A spherical balloon is being filled with air in such a way that its radius is increasing at a rate of 2 centimeters per second. At what rate is the volume of the balloon changing at the instant when its surface has an area of 4 pi square centimeters.
To solve this problem, we need to use the formulas for the surface area and volume of a sphere.
The surface area (A) of a sphere with radius (r) is given by the formula: A = 4πr².

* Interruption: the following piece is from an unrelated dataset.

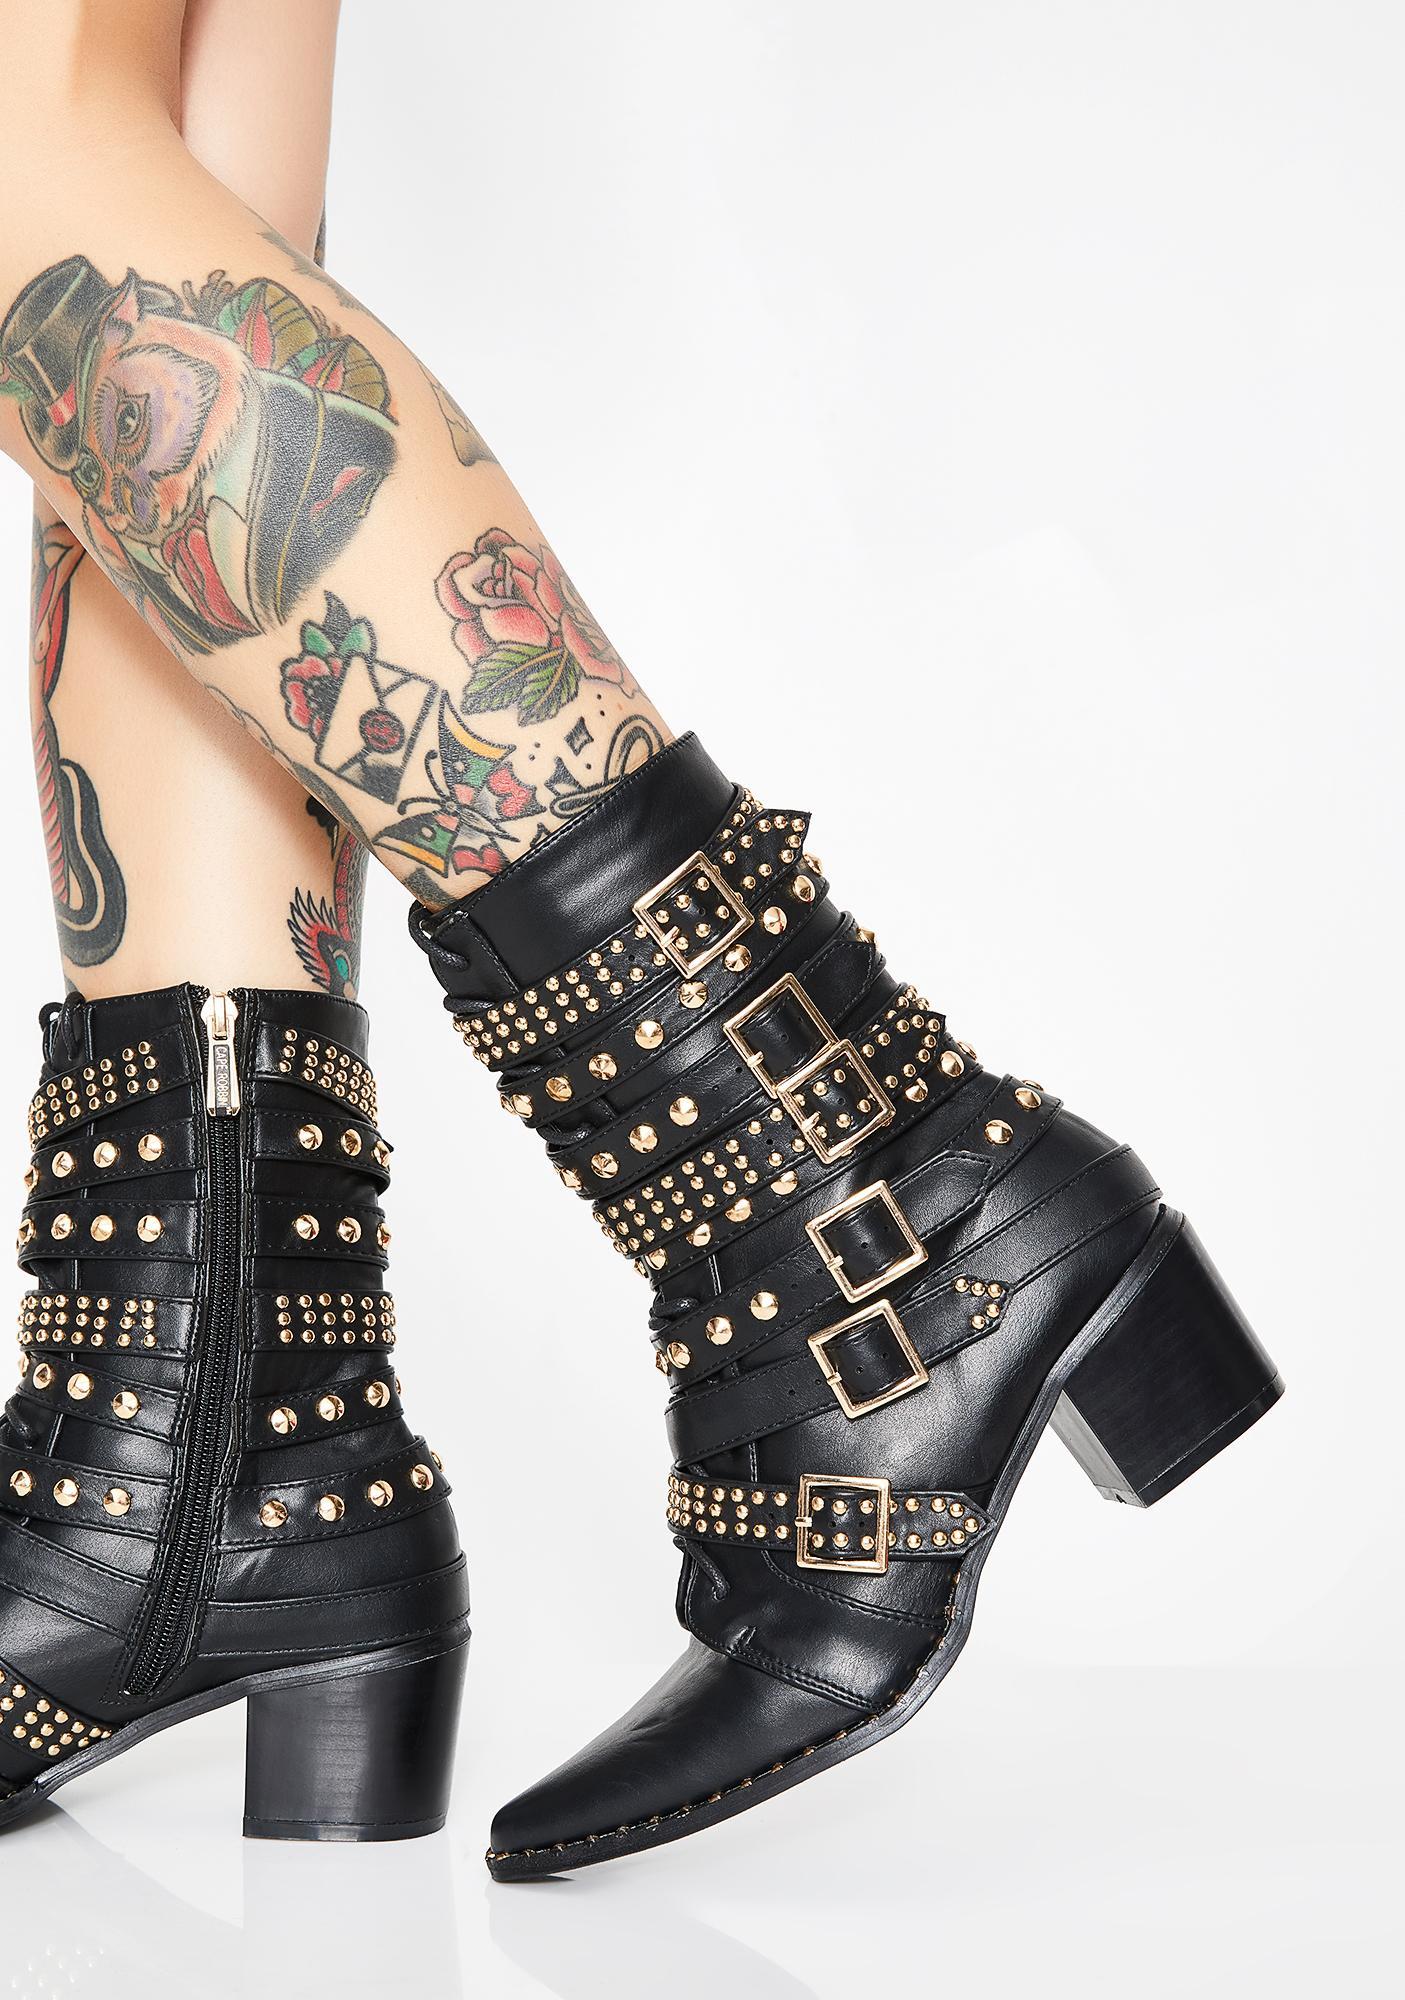 Onyx Rockstar Tendencies Studded Boots

The volume (V) of a sphere with radius (r) is given by the formula: V = (4/3)πr³.
Given that the rate at which the radius is increasing is 2 centimeters per second (dr/dt = 2 cm/s), we want to find the rate at which the volume is changing (dV/dt) when the surface area is 4π square centimeters (A = 4π).
To find dV/dt, we will first differentiate the volume formula with respect to time (t):
dV/dt = d/dt [(4/3)πr³]
To differentiate with respect to t, we need to apply the chain rule. Since the radius is changing with respect to time (dr/dt = 2 cm/s), we can write r = r(t). Applying the chain rule, we have:
dV/dt = d/dt [(4/3)πr(t)³]
= (4/3)π d/dt [r(t)³]
= (4/3)π [(d/dr) (r(t)³)] (dr/dt)
= (4/3)π [3r(t)²] (dr/dt)
Now, we plug in the given values to find dV/dt when A = 4π:
A = 4πr²
4π = 4πr²
r² = 1
r = 1 cm
Substituting r = 1 cm and dr/dt = 2 cm/s, we get:
dV/dt = (4/3)π [3(1 cm)²] (2 cm/s)
= (4/3)π (3 cm²) (2 cm/s)
= 8π cm³/s
Therefore, the volume of the balloon is changing at a rate of 8π cubic centimeters per second when its surface area is 4π square centimeters.